The primary-source rule
Wherever an entry quotes a classical source — the Huangdi Neijing, the Shanghan Lun, the Shennong Bencao Jing, the Pi Wei Lun, the Wenbing Tiao Bian, the Taiping Huimin Heji Jufang, or any other — the quotation must be the verbatim received text. Not a paraphrase. Not a summary. Not a modern rewrite. Each citation must include the chapter, section, or line number so that any reader can independently verify it.
This rule is non-negotiable. It is the single largest difference between Bencao Dian and a generic Chinese-medicine website. We give you a citation you can check; we do not give you "tradition holds…" or "it is said…" hand-waving. In an era when large language models can generate plausible-looking text in seconds, verbatim primary sources are the only ground a responsible Chinese-medicine reference can stand on.
Verification process
Every entry passes through three stages:
- Draft — written under a strict editorial rubric requiring an original-source citation for every claim and forbidding fabrication. Anything that cannot be verified against a primary source is left blank rather than guessed.
- Editor review — the project maintainer spot-checks page citations, runs the schema validator and terminology linter, and either merges the entry as "Editor-reviewed" or sends it back for revision.
- Community errata — via the public GitHub repository, corrections from any reader are accepted with a source citation; accepted errata transition the entry to "Community-corrected".
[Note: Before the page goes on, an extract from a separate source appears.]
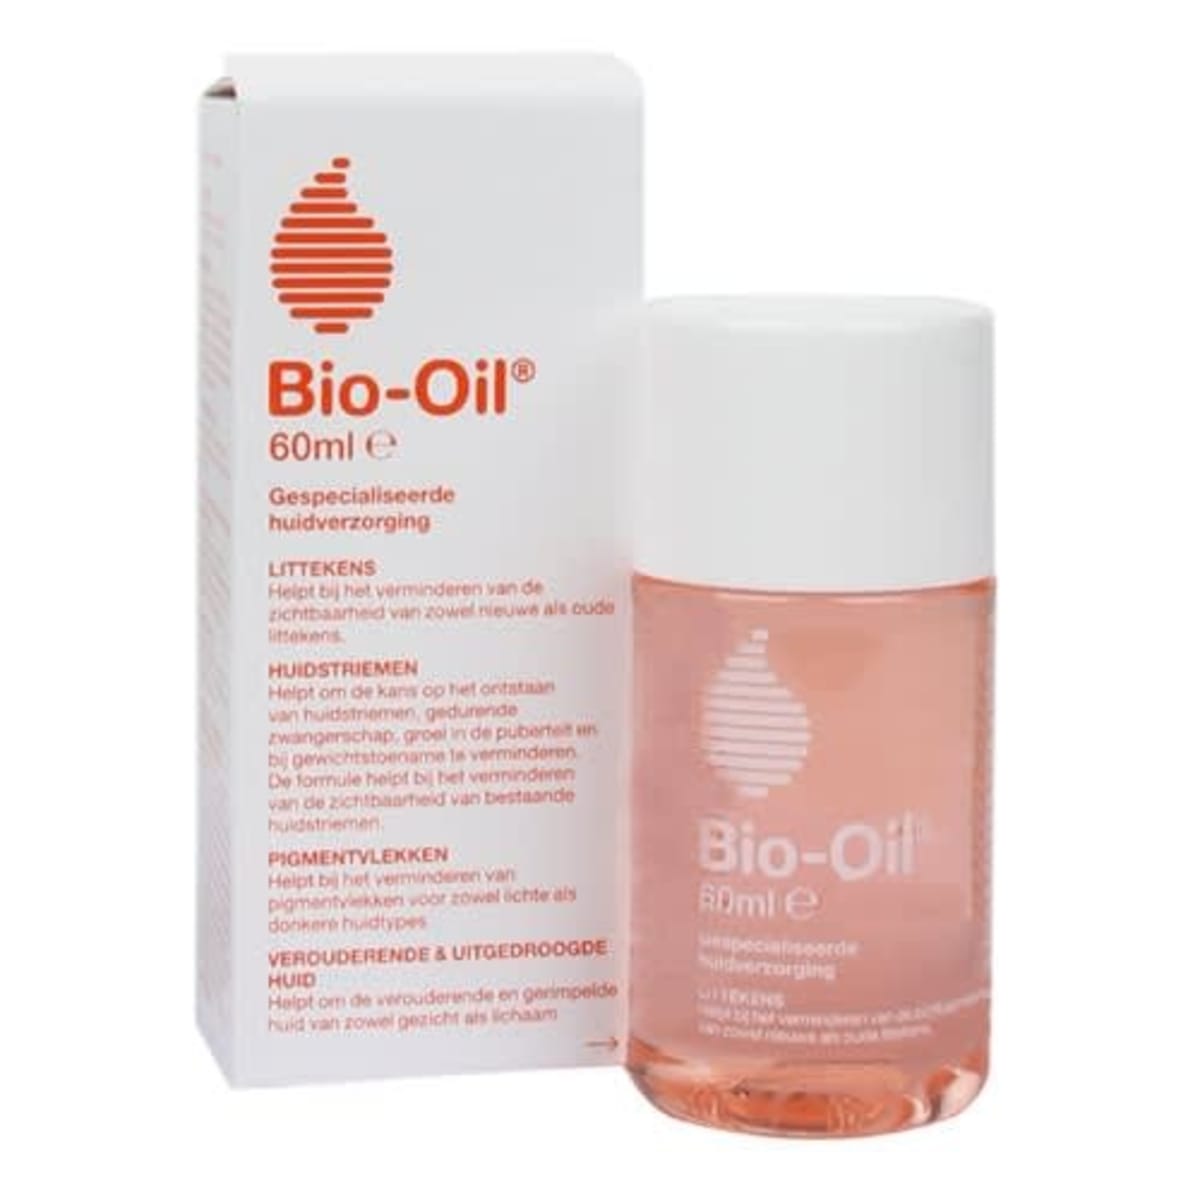 Bio-Oil®

Practitioner review by named licensed acupuncturists or Dipl.OM holders is the aspirational next stage but is not yet in place. Entries marked "Practitioner-reviewed" will appear only when that program launches.
The permalink commitment
Once published, an entry's URL never changes. This is the single most basic precondition for Bencao Dian to function as a citable reference.
Concretely: paths take the form /en/herbs/gan-cao or /zh/formulas/si-jun-zi-tang, and the slug (the gan-cao or si-jun-zi-tang portion) is fixed once an entry is published. Entries may be deprecated or redirected, but they are never quietly moved to a new URL. Academic papers, clinical notes, teaching materials, other websites, and citations from large language models can all rely on these URLs still pointing to the same content a decade from now.
For citation templates, see How to Cite.
Revisions and errata
Content corrections are recorded in two forms:
- Silent fixes — typos, punctuation, obvious spelling errors may be corrected without public notice.
- Logged errata — any change touching the substance of an entry (dosages, herb combinations, contraindications, the wording of a classical citation, terminological choices) must be recorded in the public errata log in the format entry / old text / new text / source / date.
The purpose of the errata log is to allow any reader to trace the evolution of any published statement. This is the basic responsibility of any reference work that aspires to be cited.
What the badge means
Each entry displays a colored badge indicating its current editorial state:
- Draft: a working copy that has not yet cleared editorial review. Drafts stay inside the repository and are not published to the live site.
- Editor-reviewed: the editor has checked the entry against its original sources and run the schema validator before merging it under the Bencaodian Editorial byline. The most common state on the site.
- Community-corrected: at least one reader-submitted correction has been accepted into this entry.
- Practitioner-reviewed: reviewed by a named licensed practitioner whose credentials appear in the citation block. Aspirational state — not yet in active use.
- Historical reference: classical-source passages, included as scholarly reference with no clinical recommendation implied.